MELT was halted early, however, once recombinant tissue plasminogen activator (rt-PA) was approved in Japan. The results up to that point are published in the October issue of Stroke.

The trial involved 114 patients with M2 or M3 occlusions of the middle cerebral artery presenting within six hours of symptom onset. They were randomized to urokinase infusion or to a control group, which involved no specific intervention, but included whatever treatment was indicated.

The primary endpoint was a favorable outcome on the modified Rankin Scale at 90 days. This was "somewhat more frequent" in the urokinase group, Dr. Akira Ogawa of the Iwate Medical University School in Morioka, Japan, and the MELT investigators report.

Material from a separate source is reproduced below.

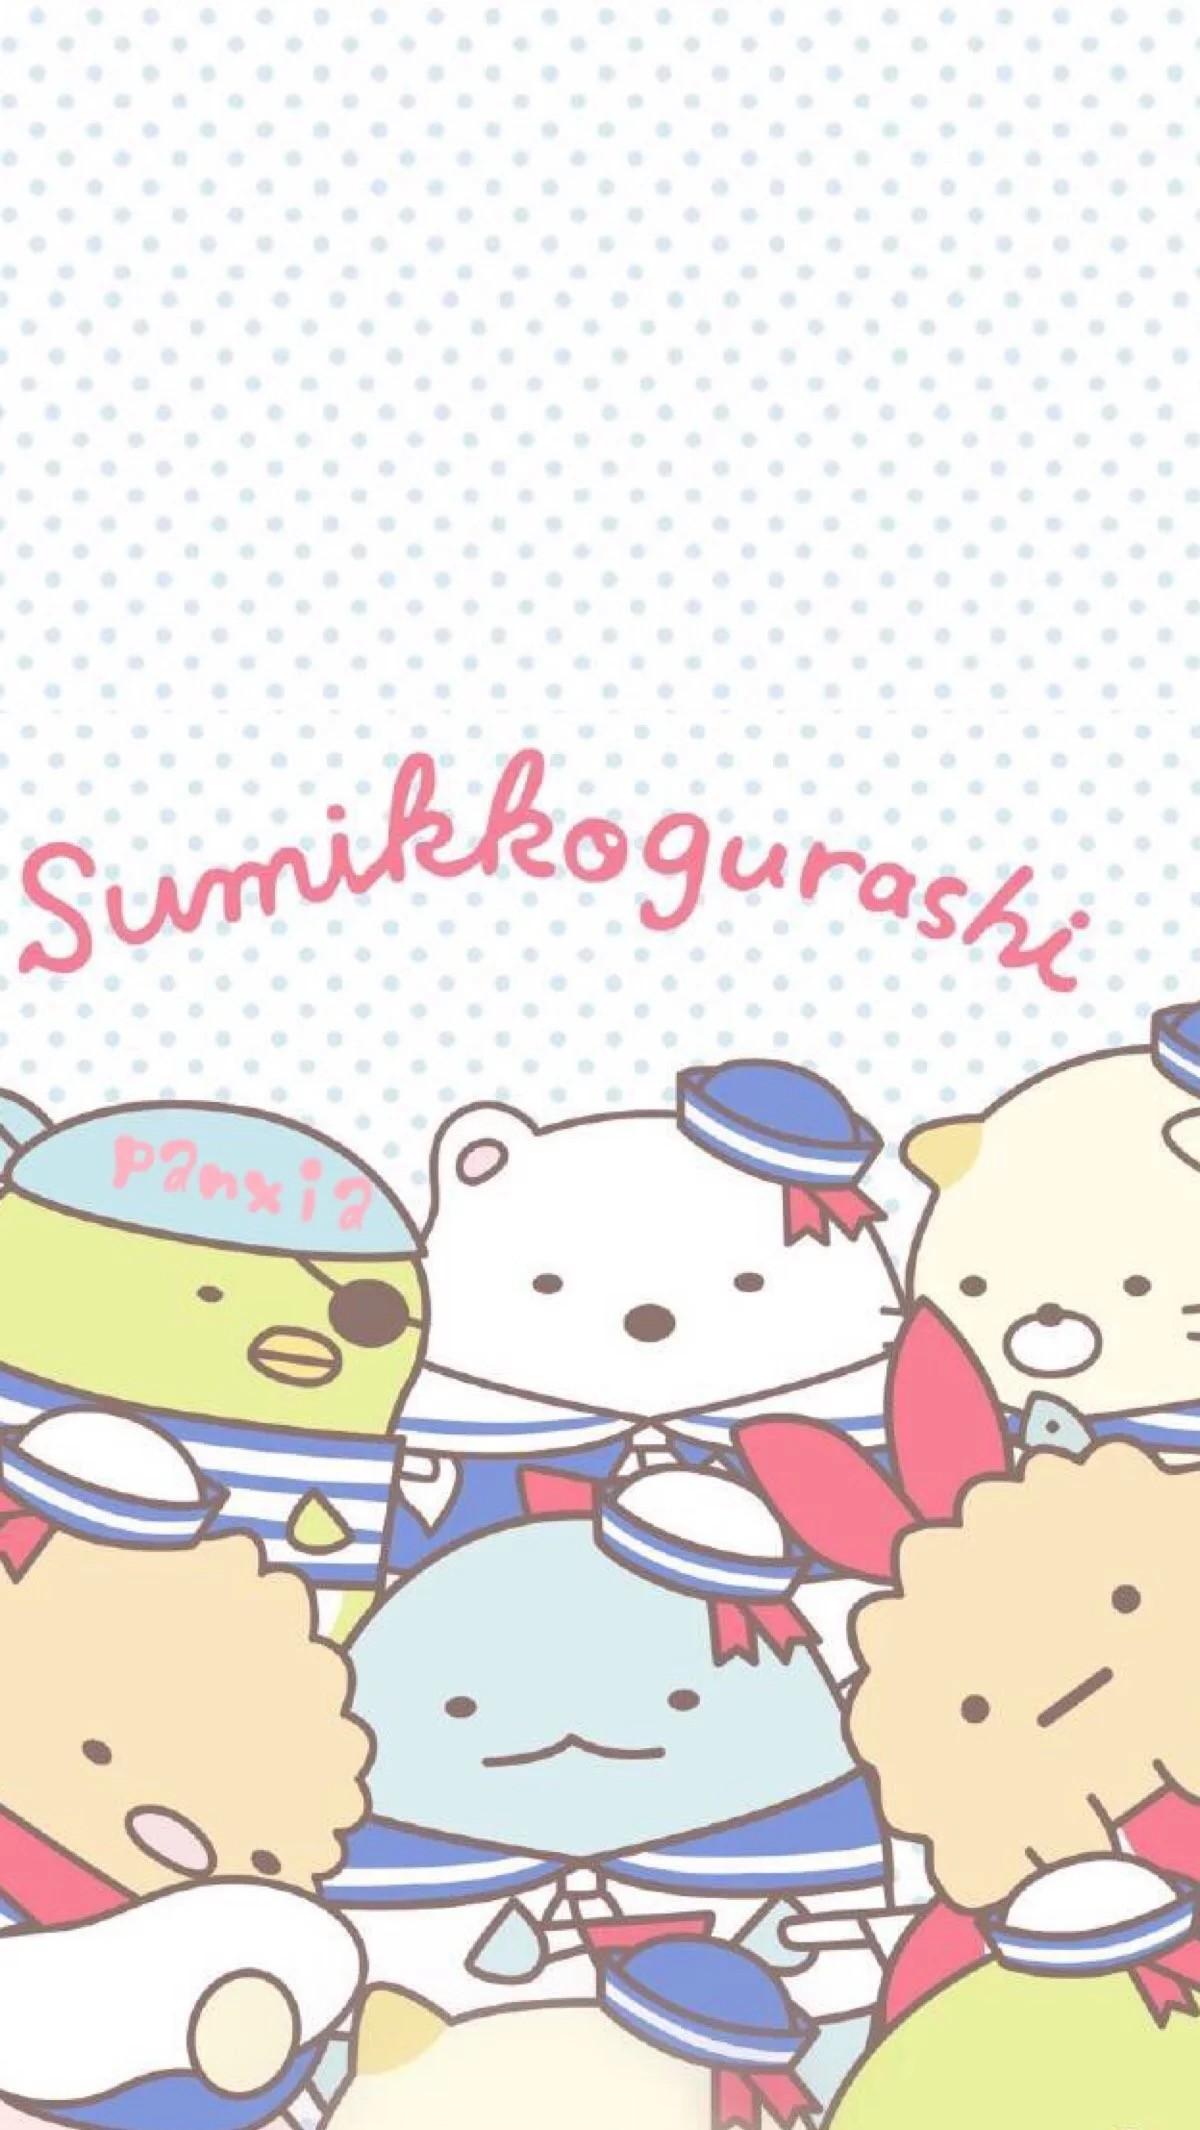 Sumikko gurashi sailors phone wallpaper

A favorable outcome, with a modified Rankin Scale of 0 to 2, occurred in 49.1% of patients receiving fibrinolysis compared with 38.6% of controls, but this difference did not reach statistical significance.

An excellent functional outcome, with a modified Rankin Scale of 0 to 1 at 90 days, occurred in approximately twice as many patients in the urokinase group compared with controls (42.1% versus 22.8%).

The 90-day cumulative mortality was 5.3% in the urokinase group and 3.5% in the control group. Intracerebral hemorrhage within 24 hours of treatment occurred in 9% of the study group and in 2% of controls.

MELT was halted prematurely upon approval of rt-PA in Japan, and therefore the primary endpoint did not reach statistical significance.

"Nevertheless, secondary analyses of the results suggest that local intra-arterial urokinase fibrinolysis therapy for patients with acute middle cerebral artery occlusion at < 6 hours after onset may have the potential to increase the likelihood of excellent functional outcome at 90 days," Dr. Ogawa and colleagues report.

"Meta-analyses and more recent studies suggest a benefit for a subset of patients beyond three hours. The present trial also supports the clinical potential of fibrinolysis therapy at more than 3 hours after onset," they add.

"The phenomenon of recanalization trials being positive on some but not all end points has occurred before," Dr. Jeffrey L. Saver of the University of California at Los Angeles points out in an accompanying editorial.

"Stopped early because of external considerations, MELT was underpowered and formally negative, and must be interpreted with caution," Dr. Saver comments. "However, the MELT trialists deserve our gratitude for reporting a trial that contributes to the cumulative evidence of benefit of intra-arterial fibrinolytic therapy in acute ischemic stroke."

Stroke 2007;38:2627-2628, 2633-2638.